Why we’re focusing on shorter-maturity bonds

While we are aware of the risks to bonds from the supply/sentiment channel, valuations matter too. A key determinant is the current level of policy rates and their expected path. This is even more crucial for shorter-maturity bonds, an area of fixed income that looks extremely attractive to us.

At the start of October, markets priced neutral rates in the US below 3%. Currently this lies around 4.25% (versus the Federal Open Market Committee projection of 3%)3. In the UK, markets currently project the Monetary Policy Committee rate to drop only marginally over the next few years, settling around 4.2%. With policy rates currently at 4.75%, this implies just 50bps of cuts over the next few years4.

Market Pricing - Bank of England Base Rate

Line graph showing  market pricing Bank of England Base Rate

Source: Bank of England 

This repricing in rate expectations has created another opportunity for investors to look at shorter-maturity fixed income assets.

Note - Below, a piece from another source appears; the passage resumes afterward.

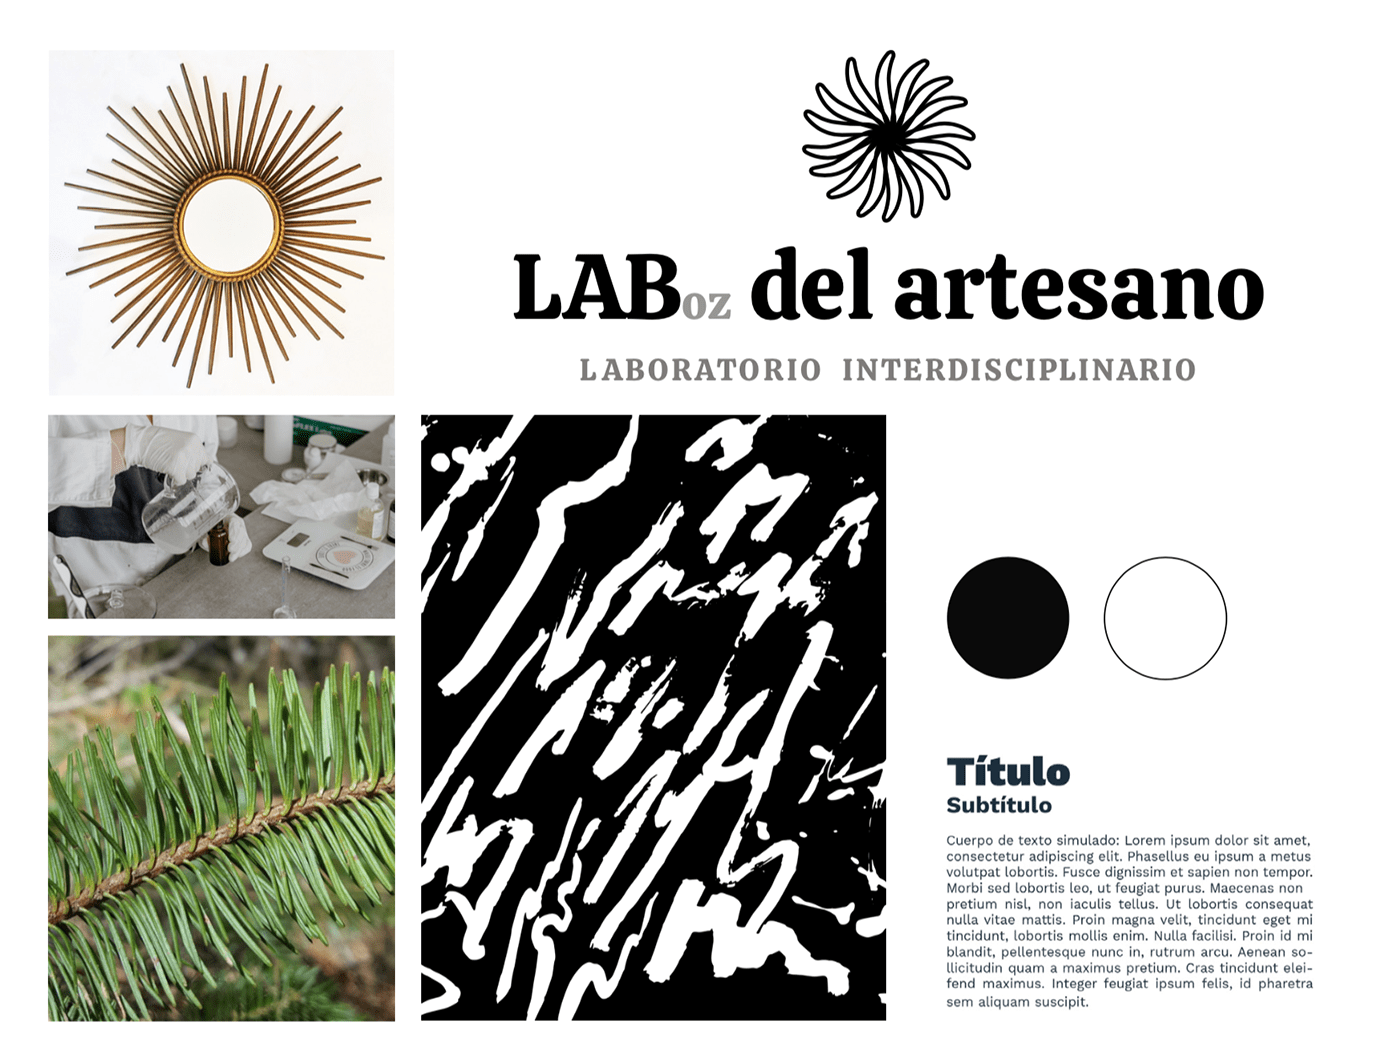 craft artisanal artisan oaxaca mexico lab laboratorio Collective  strategic design Experimentation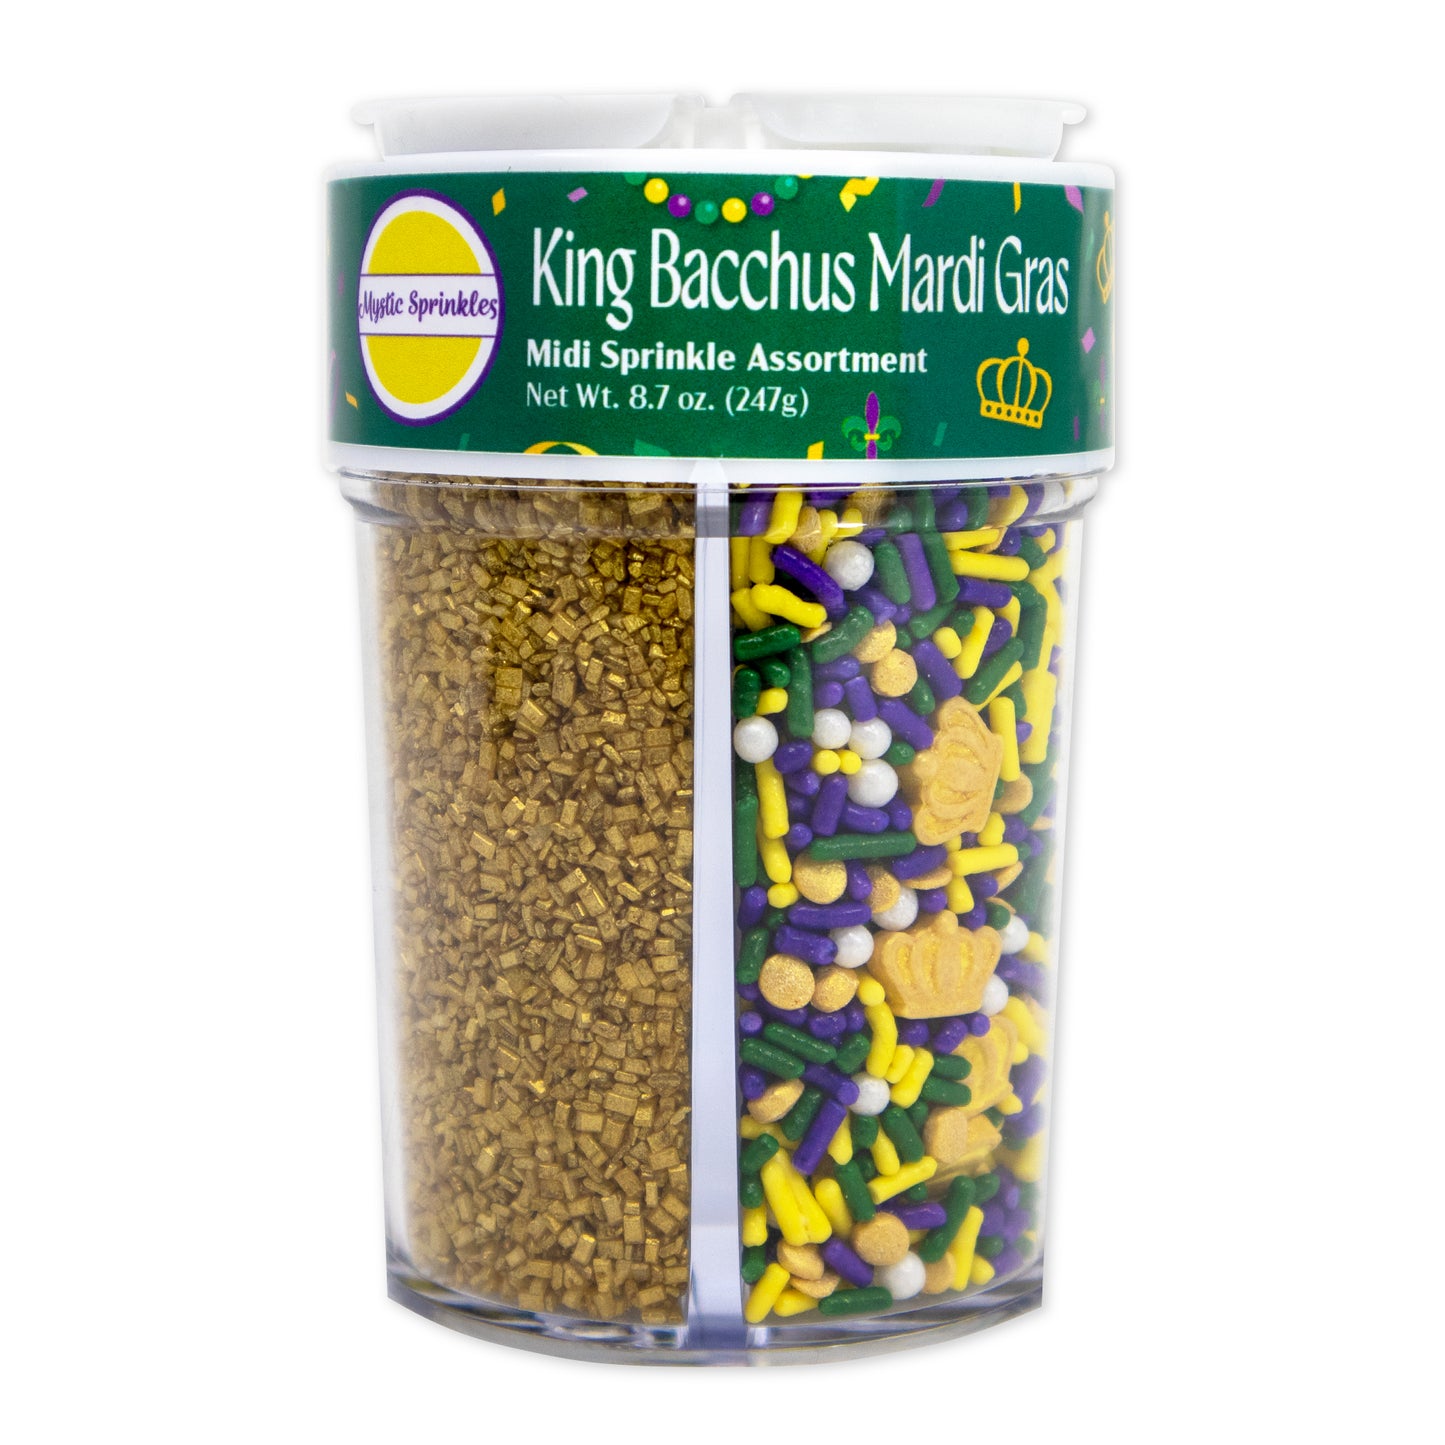 King Bacchus Mardi Gras Midi Sprinkle Assortment 6.1oz

Shorter-maturity bonds are in the unique position of yielding largely the same as longer-dated bonds. For UK government bonds, buying 10-year versus two-year only gives an additional 0.3%5. Additionally, these bonds are less vulnerable to the threat of rising supply and more closely tied to policy rate expectations.

We have been adding exposure to front-end rates strategies versus longer-dated rates. Ultimately, we expect this episode to blow over, but why challenge it when shorter-dated bonds offer similar levels of yields to their longer counterparts with a fraction of the risk?

Those yields look very compelling. For an investor seeking real returns, short-dated bonds seem to us to be an attractive buy today – despite the gloomy headlines.